FAVORITE BOOK: Arsenals of Folly by Richard Rhodes. It starts with a detailed account of what happened at Chernobyl--with insanely courageous helicopter pilots sitting on lead plates as they flew over the open pit to drop clay on the radioactive mess--and then moves on to a gripping history of the nuclear arms race that began when the Soviet Union exploded its "Joe" device. Explaining Ronald Reagan's obsession with the Star Wars technology and Mikhail Gorbachev's epiphany after Chernobyl, this book is the perfect companion piece to Rhodes' other two nuclear books, the Pulitzer Prize-winning The Making of the Atomic Bomb and Dark Sun: The Making of the Hydrogen Bomb.
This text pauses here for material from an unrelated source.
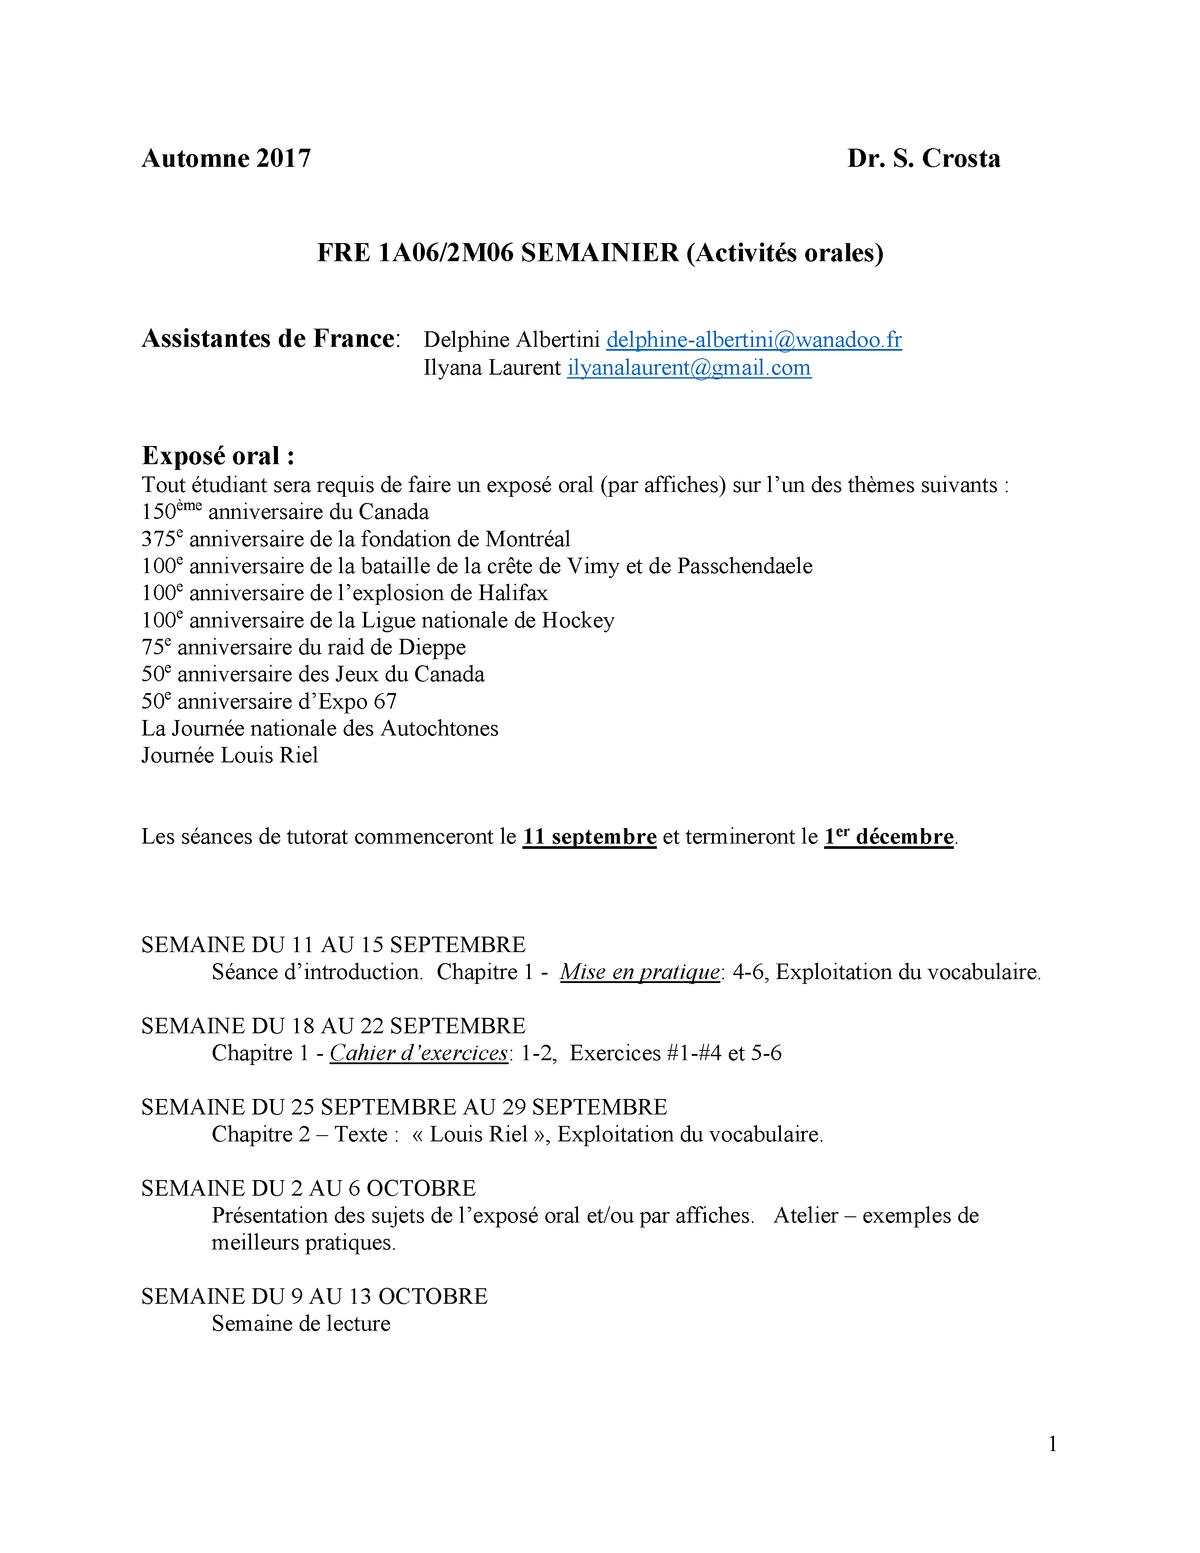 Exemple De Présentation D Un Exposé Oral - Exemple de Groupes

FAVORITE MOVIE: As I've mentioned here, I'm one of those people whom the theater owners have driven off with their indefensible system in which ticket prices and the number of commercials rise in tandem, not to mention the crappy food, bad service, their unwillingness to keep 14-year-olds out of R-rated movies and their refusal to ban cell phones from all films.
I used to go to the movies once or twice a week; now, it's four or five times a year, maybe. I used to hate to go to the sneak previews because of the crowds. Now, it's the only time you can see a movie without the text-messaging addicts flipping open their phones every five seconds. The People in Black see to it that nobody opens up a cell phone during an advance screening; I like them.
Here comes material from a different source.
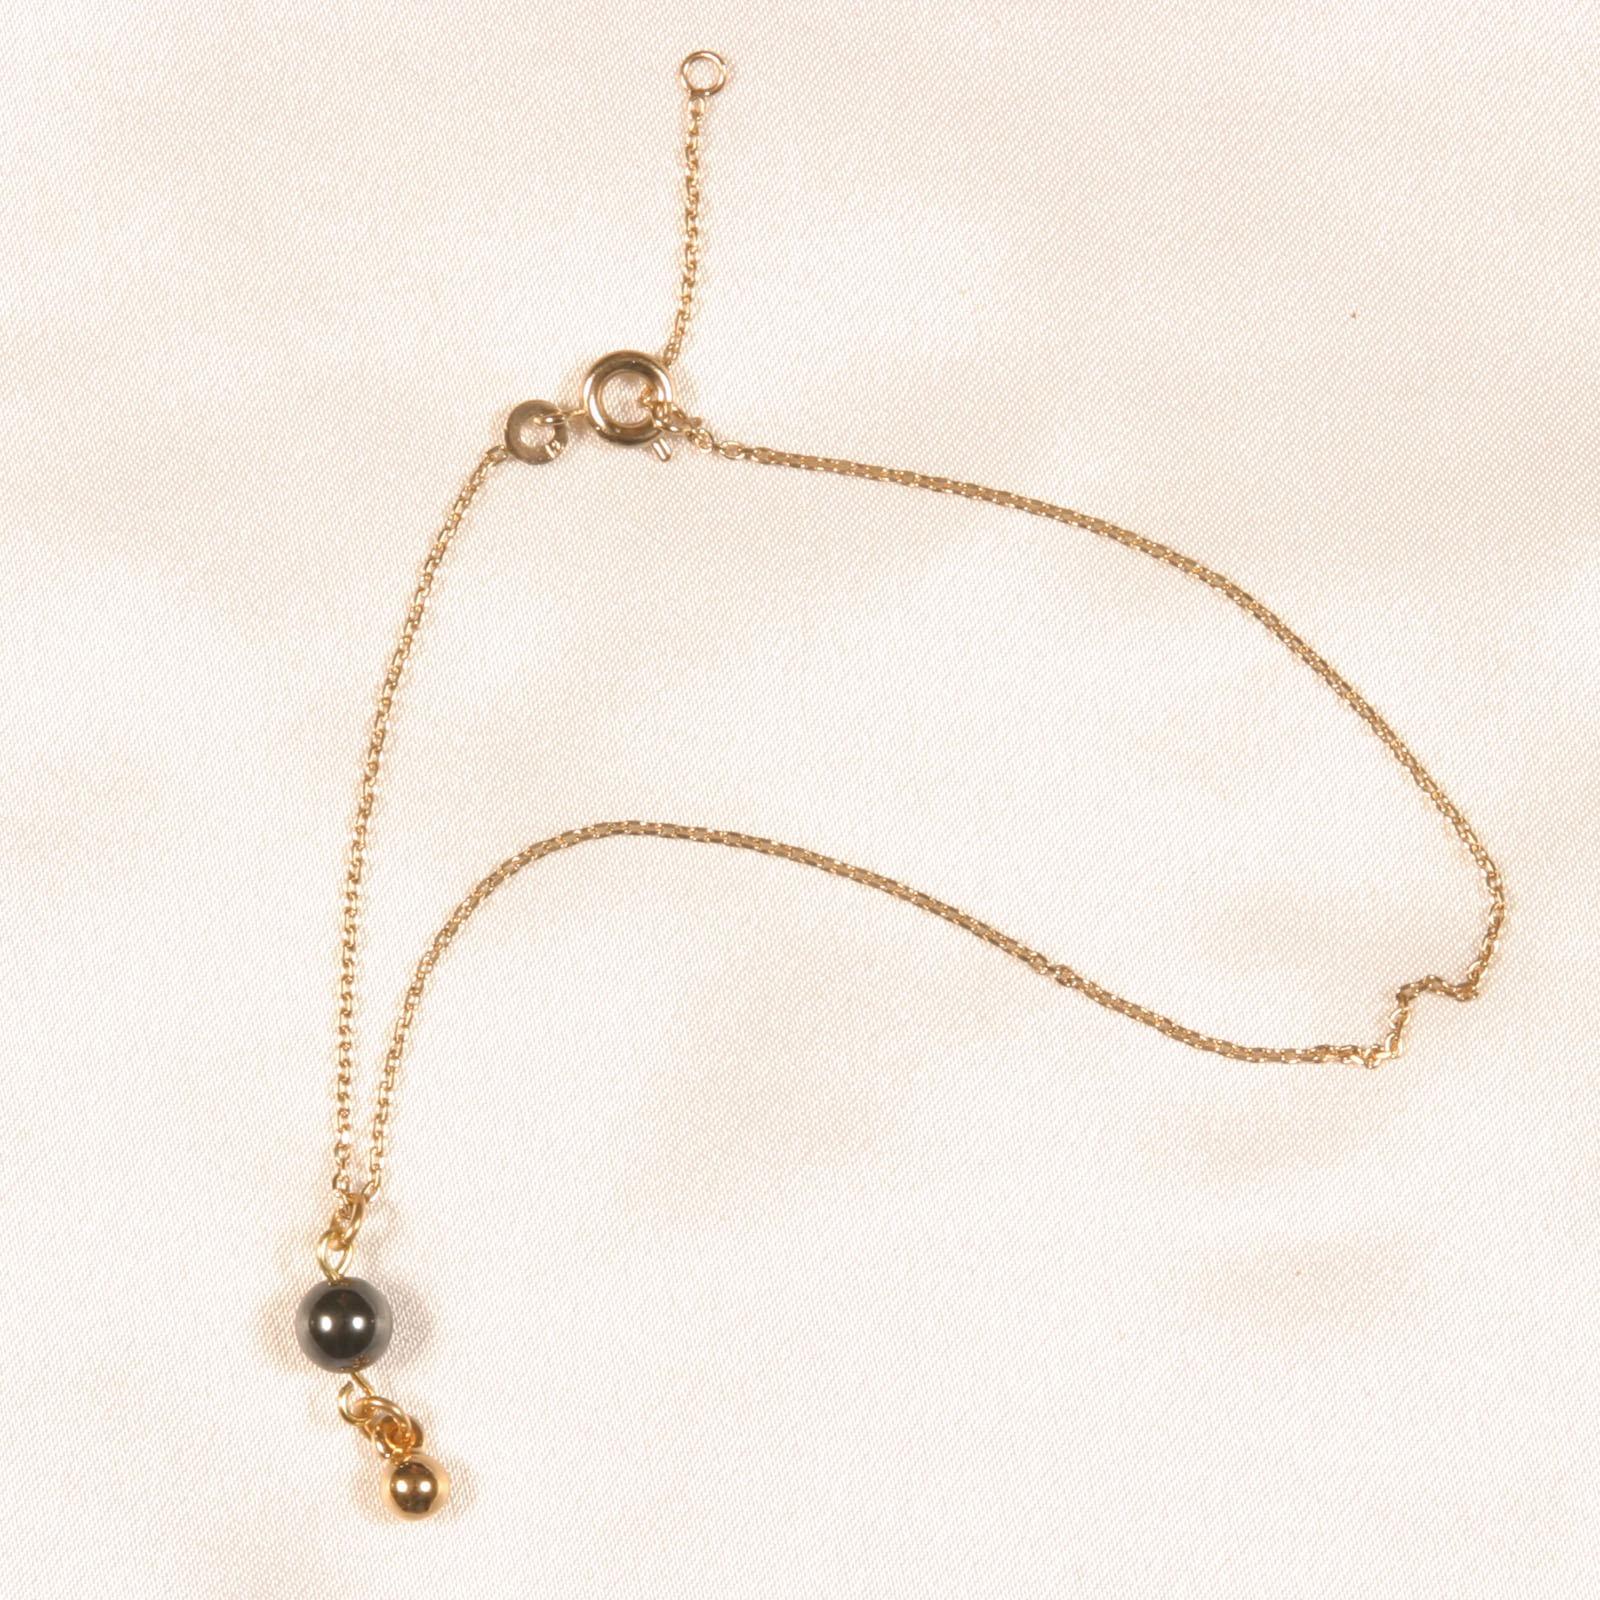 chc34 0 cheville perle hematite et or.jpg

Of the movies I saw this year in the theater, I really liked Transformers and Harry Potter and the Order of the Phoenix. My son and I went to see Superbad at the dollar theater on Thanksgiving Day and were the only ones in the theater. That movie's filthy, but quite funny.
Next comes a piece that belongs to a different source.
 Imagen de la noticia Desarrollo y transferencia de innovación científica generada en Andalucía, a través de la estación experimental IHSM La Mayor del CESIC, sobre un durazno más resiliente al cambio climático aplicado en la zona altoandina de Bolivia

My favorite, however, has to be The Bourne Ultimatum. He's so much cooler than James Bond. When he uses a book to whup that bad guy, it's one of the great "Yeah!" moments in movie history.
FAVORITE MUSIC: God help me, my favorite CD that was released this year was Amy Winehouse's Back to Black. I know she's nuts; I know she's wildly self-destructive; I know she's hard to look at for more than a couple of seconds. But that voice, the arrangements, those lyrics!
My second-favorite was an obscure CD called S.O.S.: Save Our Soul by Marc Broussard. The guy looks like he could be the son of Dick Butkus and Roseanne Barr, but his vocal cords have been touched by God. He sounds alternately like Al Green and Otis Redding, and is basically the second coming of Eddie Hinton. The 12 people who understand that reference will know that it's high praise, indeed. I also liked (but didn't love) the new studio CDs by John Fogerty and The Eagles.
FAVORITE PHOTO: One of the oddest episodes of the year involved a knucklehead whose entire family was in the United States illegally. This genius, who probably should have been keeping his head down and his nose clean, took drugs to school. He got popped, and his parents got called. They showed up and, unable to provide ID, admitted that they were here illegally. The cops called in the Border Patrol, who swept up the family, stopped by Doolen Middle School to pick up the younger brother and took them all to Mexico.
The next day, kids walked out of class at Catalina High Magnet School and marched down the street, not protesting the fact that this idiot put his entire family in jeopardy by taking drugs to school, but instead protesting that his family got deported after admitting to law-enforcement personnel that they were in the country illegally. A photograph appeared in the Arizona Daily Star with a young male carrying a sign that reads, "They can't deport us all."
Y'know, there are only a handful of people who want to "send them all back," and most Americans don't want to deport anybody. But if we were going to deport just one, I'd hope it's that little bitch with the sign.
It's like in the movie Tombstone, when Wyatt Earp has a gun up against Ike Clanton's forehead. One of the cowboys says, "Let's rush him!" Earp looks into Ike Clanton's eyes and says, "Your friends might get me in a rush, but not before I make your head into a canoe."
Just keep it up, Sign Boy. Please continue to protest as you exercise your rights as an American citizen ... oh, no, wait.
FAVORITE REACTION: It's a dead-heat on this one, a tie between the twisted sphincters on Republicans after Al Gore won the Nobel Peace Prize, and the brazen scrambling by the Bush administration after the release of the intelligence report showing that Iran is not trying to make an atomic bomb. In the case of the latter, there were a few very clumsy moments before they bunkered down and did the Cheney. As the vice president continues to throw out that completely discredited line of crap about Saddam Hussein having been connected to Sept. 11, Bushies are trying to claim that the entire intelligence community is wrong, and they're right. Sorry, no invasion for you!